Find the line with "Nike Black Therma-FIT" in the data below. Repeat it and every line after it up to the end, exactly, but drop the pictures.

[Opening DATA SECTION section]

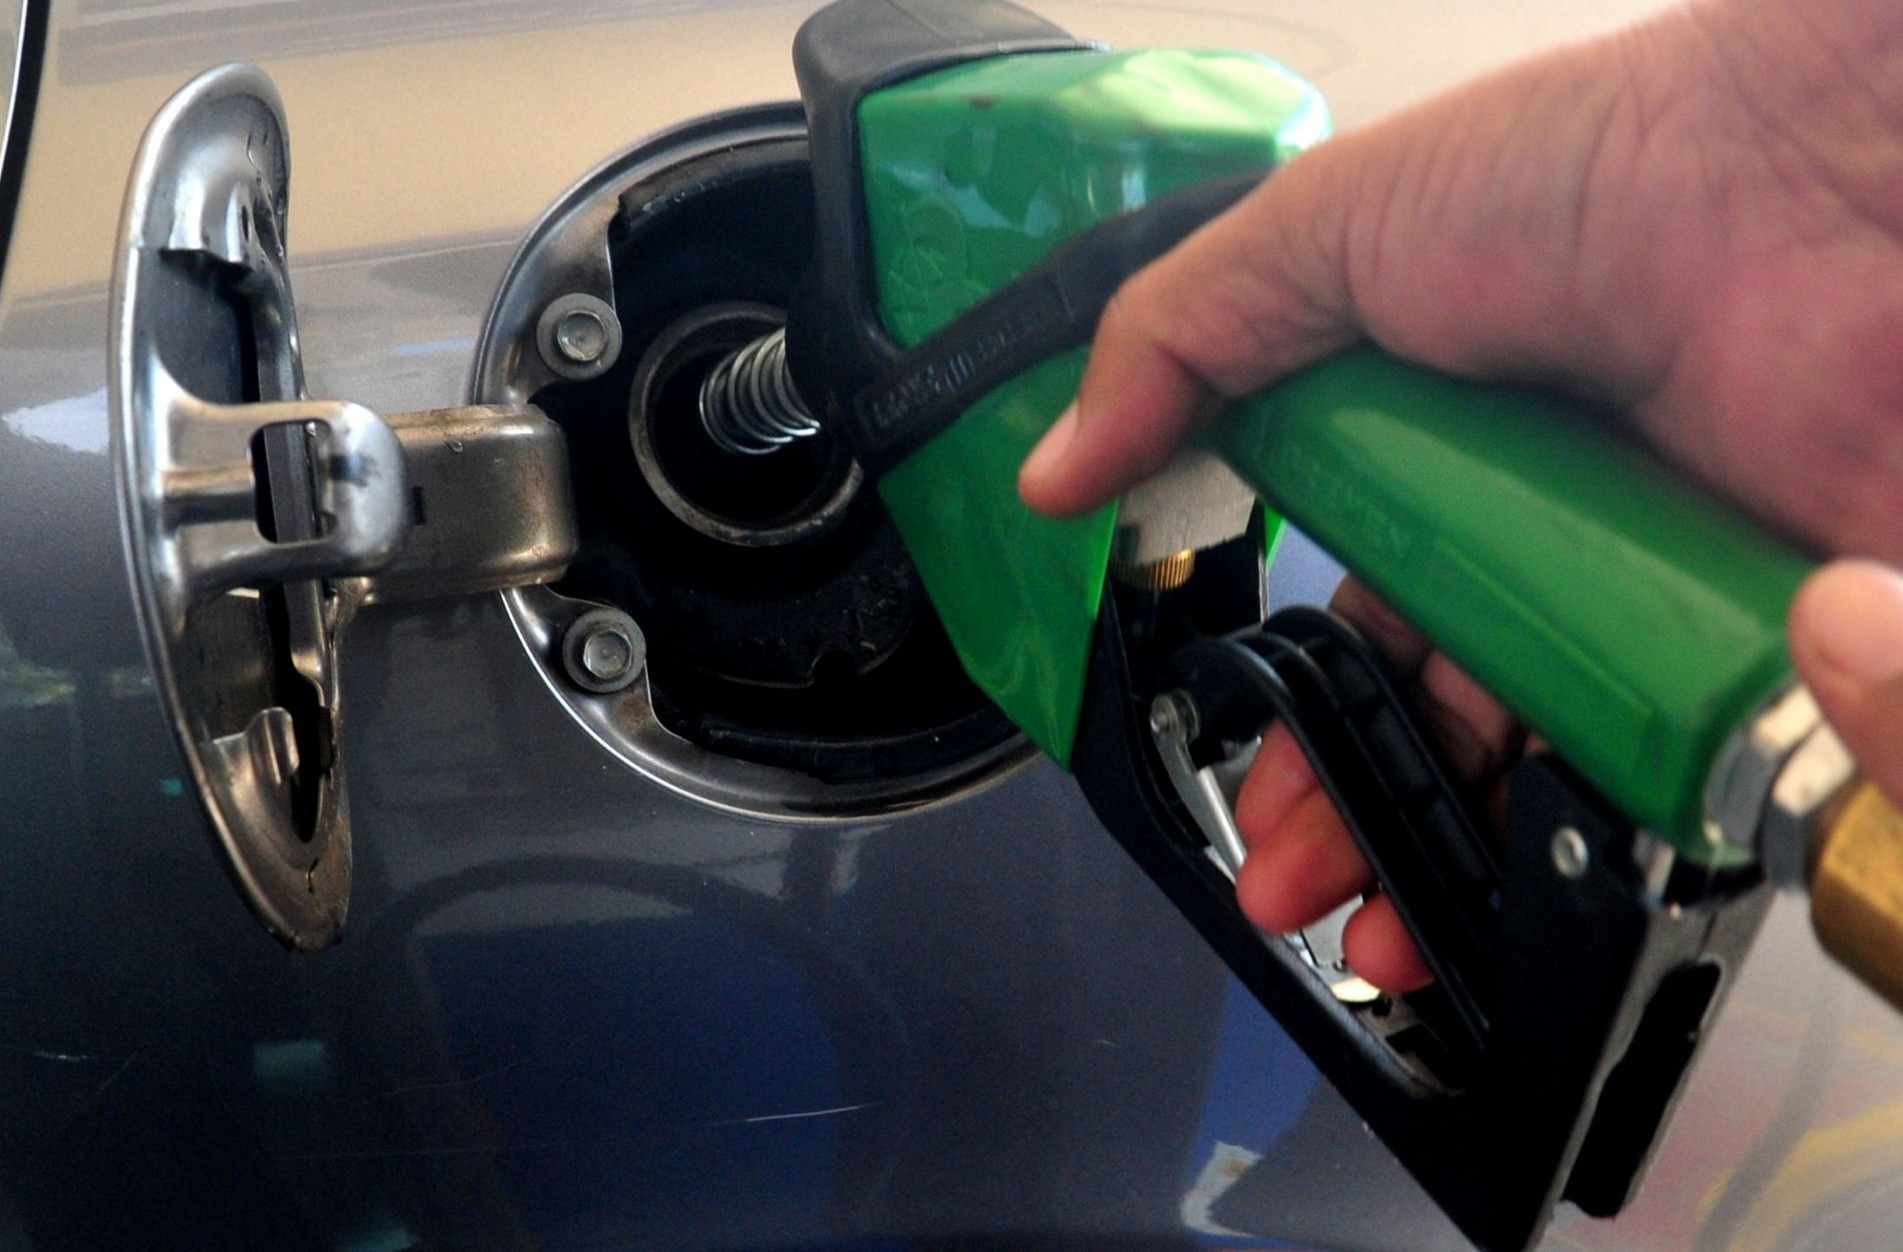 Preço médio do etanol sobe em 15 Estados e no DF e recua em dez, diz ANP
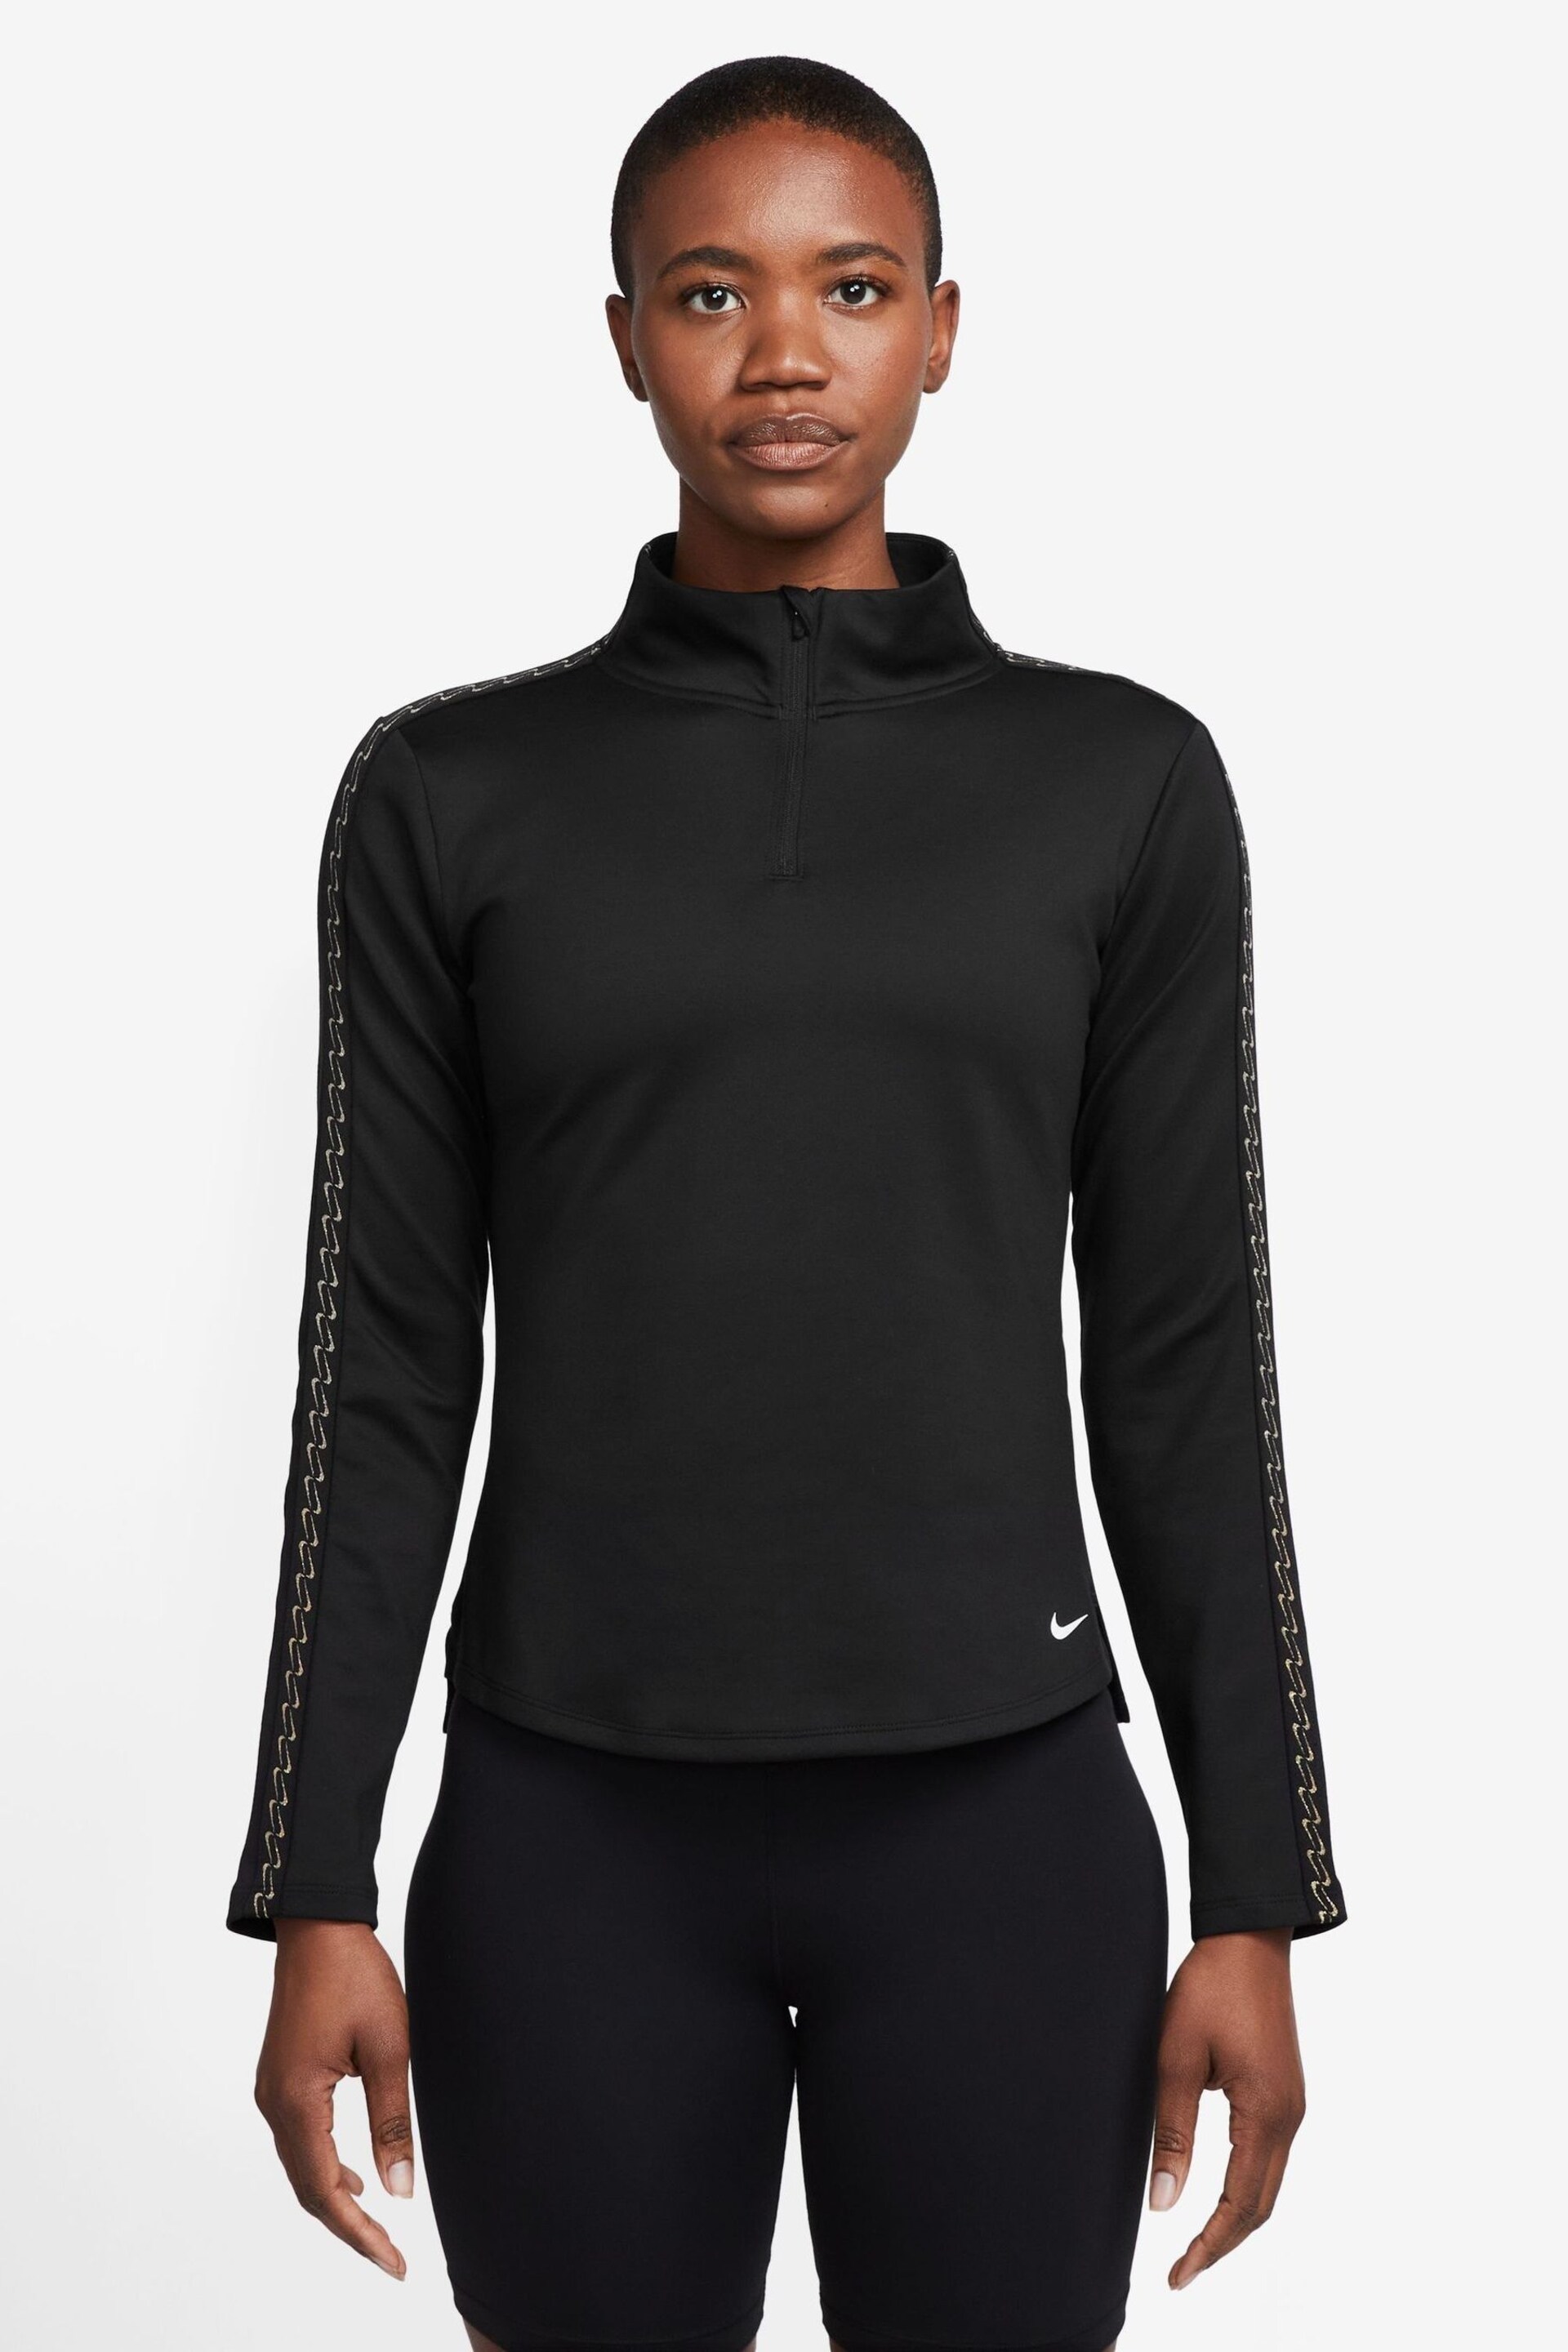 Nike Black Therma-FIT One Half-Zip Top - Image 1 of 3
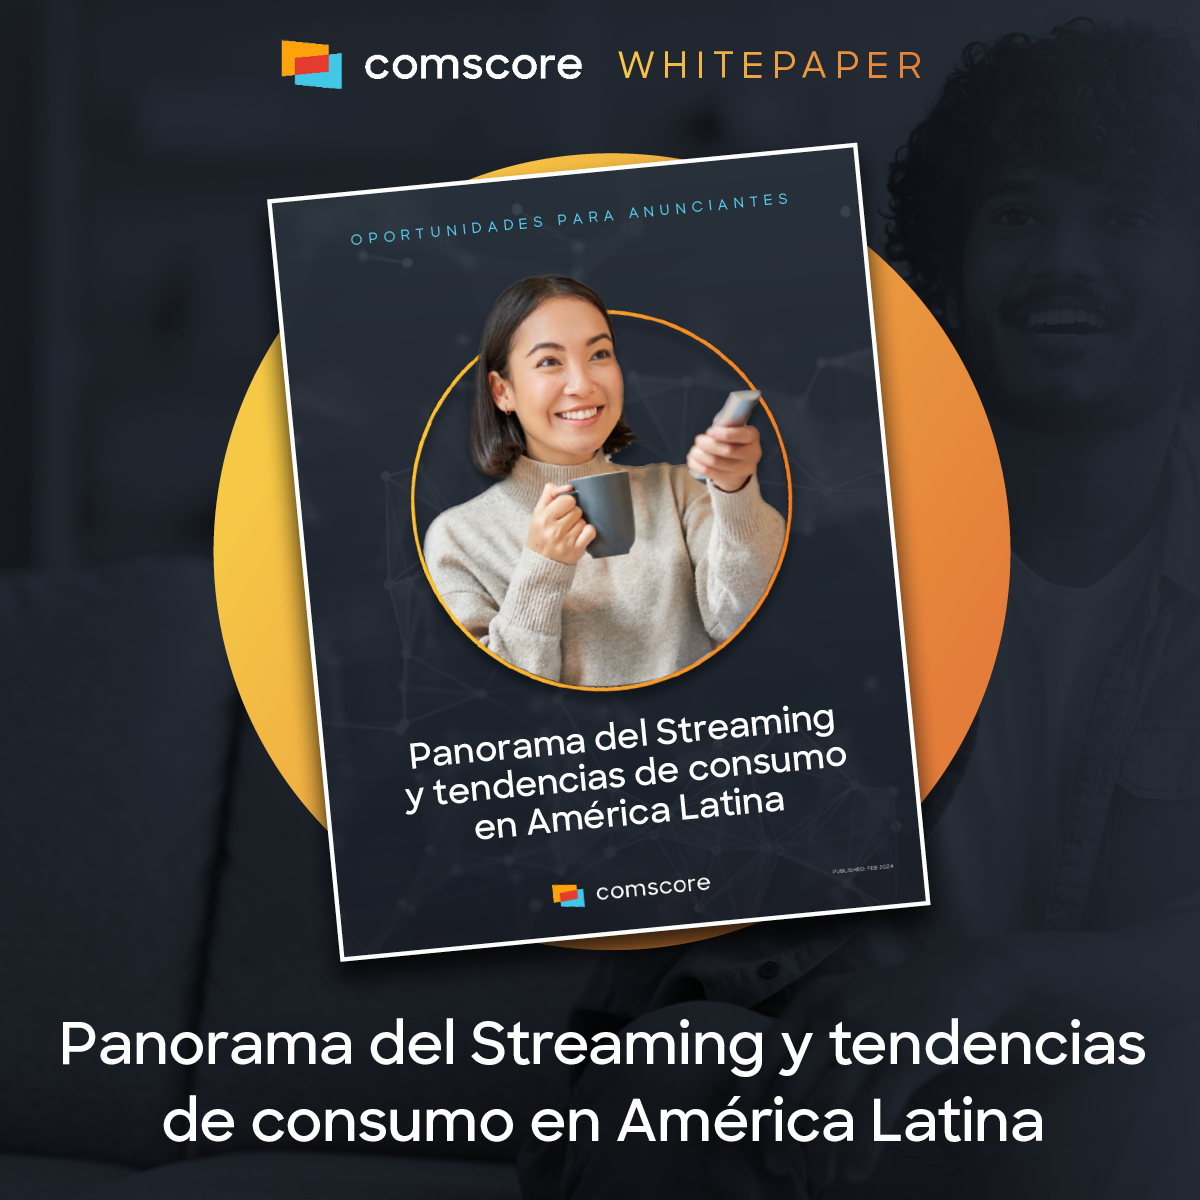 Panorama del Streaming y tendencias de consumo en América Latina

[Closing DATA SECTION section]

ANSWER AREA:
 Nike Black Therma-FIT One Half-Zip Top - Image 1 of 3
 Panorama del Streaming y tendencias de consumo en América Latina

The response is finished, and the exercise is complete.